Stevano memutar kembali tubuhnya. Dia merasa kembali ke masa kelamnya beberapa tahun lalu, ingatan demi ingatan pahit terlintas begitu saja. Membuat kepala Vano berdenyut sakit. Seakan meminta untuk dibenturkan pada tembok berkali-kali untuk mengurangi rasa sakit itu.
"Aku bukan Davina yang dulu, Stevano Rajasa. Ayo kita perbaiki semuanya. Kamu pria yang aku butuhkan untuk ada disamping aku. Aku tidak ingin menyesal karena melepas kamu seperti dulu."
Dengan berat hati, Vano kembali berbalik untuk menatap Davina. Lalu, membawa tubuhnya sangat dekat dengan Davina. Bahkan, Vano bisa melihat ada bayangan senyum kemenangan yang siap ditarik Davina. Perempuan itu berpikir, Vano membalikan tubuh ke hadapannya untuk menerima semua ajakan manisnya.

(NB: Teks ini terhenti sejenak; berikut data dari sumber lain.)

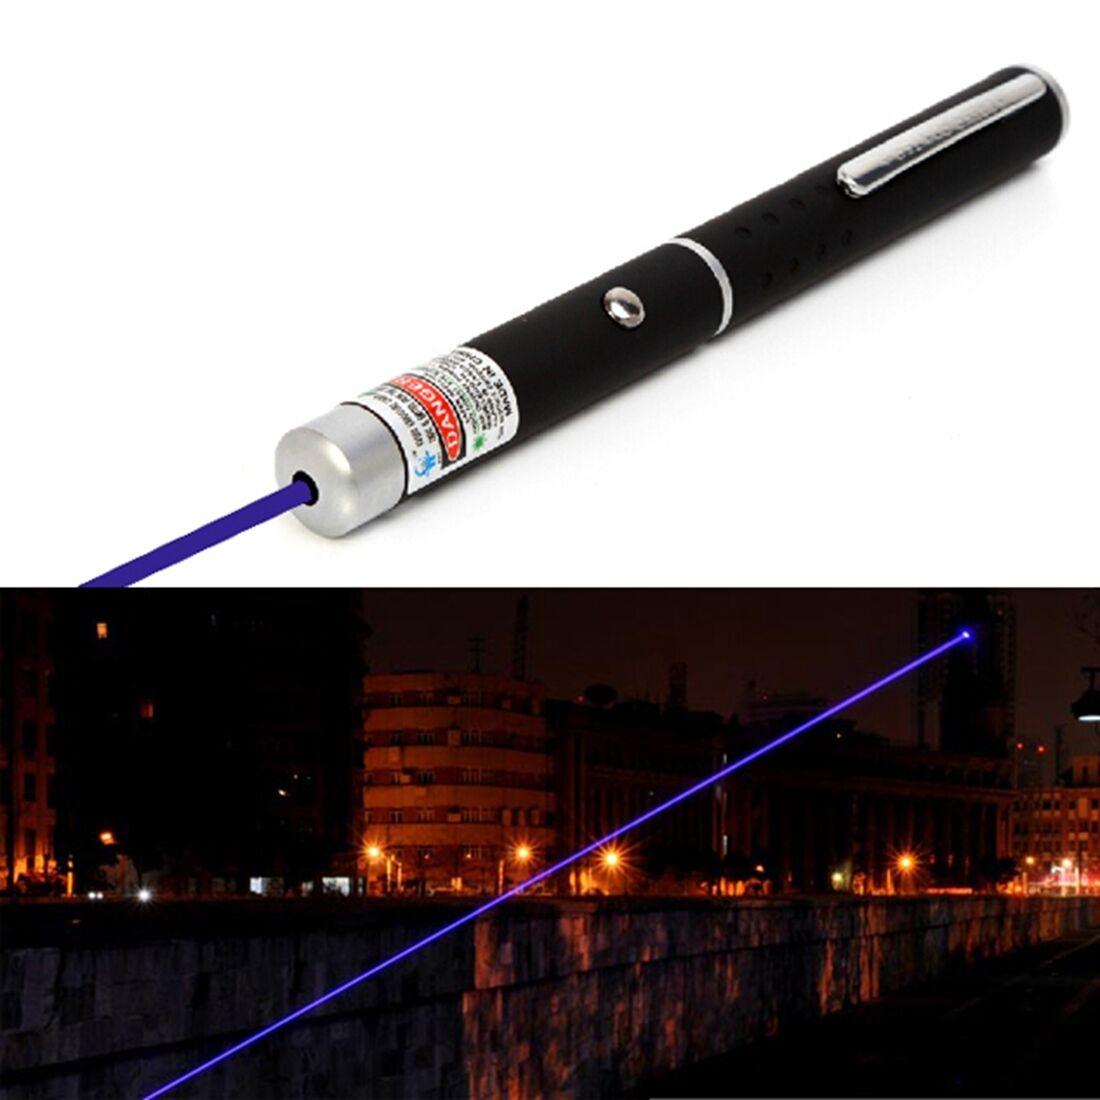 1mW 532nm Powerful Laser Pointer Pen Visible Beam Light Lazer Pen Toy Kids Gift 3

"Davina Gunawan. Aku pernah menjadi murah untuk kamu, memohon-mohon agar kamu pulang dan kembali ke pelukan aku. Apa kamu lupa? Apa karena itu kamu memandang rendah aku dan menganggap kalau aku akan jatuh lagi dalam genggaman tangan kamu?" Vano menatap tajam ke arah Davina.
"Aku..."
"Aku bukan pria dungu yang akan jatuh di tempat yang sama."
"Vano."
Davina terkejut bercampur patah hati. Vano baru saja menolaknya, pria yang dulu begitu tergila-gila padanya baru saja mengabaikan permintaannya untuk memulai hubungan baru.
"Sudahlah, Davina. Jangan mendebat masalah tidak penting ini."
Davina menggeleng tidak terima, tangan Davina kembali meraih ujung jas Vano. Bahkan, Vano merasakan ujung kuku Davina menusuk kulitnya. Vano melepaskan cengkraman tangan Davina secara kasar. Setengah mati dia menahan diri agar dia tidak berteriak. Vano pergi, tanpa peduli dengan orang-orang yang sibuk menatap ke arahnya karena kejadian memalukan ini.
Sedangkan di dalam sana, Tiora mulai paham. Dia menghela napas. Tiba-tiba, rasa sakit menjalar di hatinya. Bayangan tatapan Vano saat menatap Davina membuat Tiora yakin bahwa Vano berbohong. Vano mengenal Davina. Bahkan, lebih dari itu... ada hubungan istimewa yang sempat terjalin diantara keduanya.
KAMU SEDANG MEMBACA
MR. ANNOYING
Romance[SOME PARTS ARE PRIVATE. FOLLOW TO READ.] WARNING! AKAN ADA BANYAK ADEGAN DEWASA. Tiora Lunardi, si dokter cantik yang mempunyai perasaan terpendam selama bertahun-tahun pada pria bernama Drian. Tapi, siapa sangka kalau Drian justru malah memiliki h...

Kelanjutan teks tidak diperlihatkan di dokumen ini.